Project

General

Profile

Bug #4698

osd suicide timed out after 150

Added by Sam Lang almost 11 years ago. Updated almost 11 years ago.

Status:
Won't Fix
Priority:
Urgent
Assignee:
-
Category:
OSD
Target version:
-
% Done:

0%

Source:
Q/A
Tags:
Backport:
Regression:
No
Severity:
3 - minor
Reviewed:
Affected Versions:
ceph-qa-suite:
Pull request ID:
Crash signature (v1):
Crash signature (v2):

Description

With the following yaml, after running for a while osds start to commit suicide. This is with the latest next branch. Attached is a log from one of the osds.

roles:
- [mon.a, osd.0, osd.1, osd.2]
- [mon.b, osd.3, osd.4, osd.5]
- [mon.c, mds.a, client.0]

tasks:
- install:
branch: next
- ceph:
conf:
client:
ms_inject_delay_type: osd
ms_inject_delay_max: 1
ms_inject_delay_probability: 0.2
- kclient:
- workunit:
clients:
all:
- kernel_untar_build.sh

-5> 2013-04-10 08:43:34.626902 7f722c50b700  1 heartbeat_map is_healthy 'OSD::op_tp thread 0x7f7200ff9700' had timed out after 15
-4> 2013-04-10 08:43:34.626920 7f722c50b700 1 heartbeat_map is_healthy 'OSD::op_tp thread 0x7f72007f8700' had timed out after 15
-3> 2013-04-10 08:43:35.179233 7f71fe7f4700 5 osd.5 7 heartbeat: osd_stat(63965 MB used, 365 GB avail, 450 GB total, peers []/[])
-2> 2013-04-10 08:43:39.627074 7f722c50b700 1 heartbeat_map is_healthy 'OSD::op_tp thread 0x7f7200ff9700' had timed out after 15
-1> 2013-04-10 08:43:39.627098 7f722c50b700 1 heartbeat_map is_healthy 'OSD::op_tp thread 0x7f7200ff9700' had suicide timed out after 150
0> 2013-04-10 08:43:39.628723 7f722c50b700 -1 common/HeartbeatMap.cc: In function 'bool ceph::HeartbeatMap::_check(ceph::heartbeat_handle_d*, const char*, time_t)' thread 7f722c50b700 time 2013-04-10 08:43:39.627107
common/HeartbeatMap.cc: 79: FAILED assert(0 == "hit suicide timeout")

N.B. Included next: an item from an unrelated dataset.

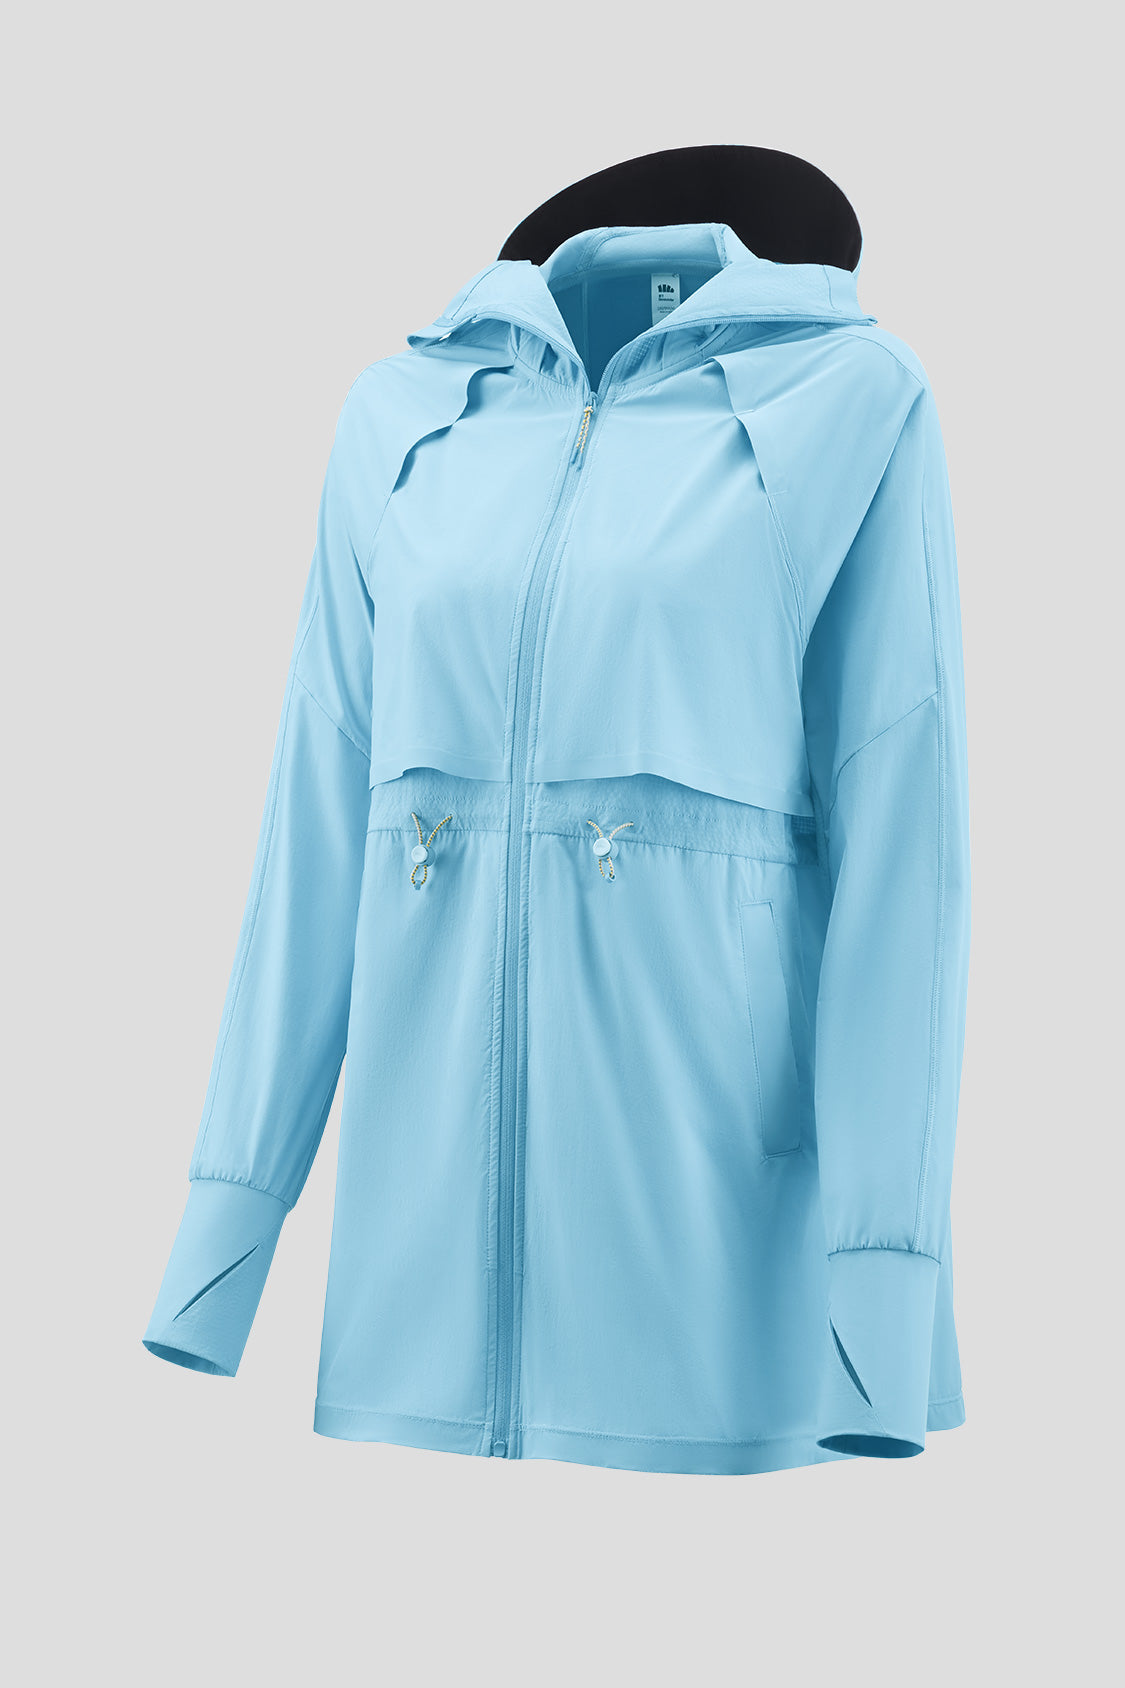 beneunder yunzi yee  women's ultra-lightweight mid-length sun protection clothing UPF50+ #color_sky lake blues

ceph-osd.5.log View (2.63 MB) Sam Lang, 04/10/2013 08:53 AM

ceph-osd.3.log.bz2 (2.49 MB) Sam Lang, 04/11/2013 03:24 PM

ceph-osd.4.log.bz2 (2.69 MB) Sam Lang, 04/11/2013 03:24 PM

ceph-osd.5.log.bz2 (2.41 MB) Sam Lang, 04/11/2013 03:24 PM

History

#1 Updated by Sam Lang almost 11 years ago

  • Category set to OSD

#2 Updated by Ian Colle almost 11 years ago

  • Assignee set to Samuel Just
  • Priority changed from Normal to Urgent

sam - please assess

#3 Updated by Samuel Just almost 11 years ago

Was there anything in dmseg to indicate a hung fs?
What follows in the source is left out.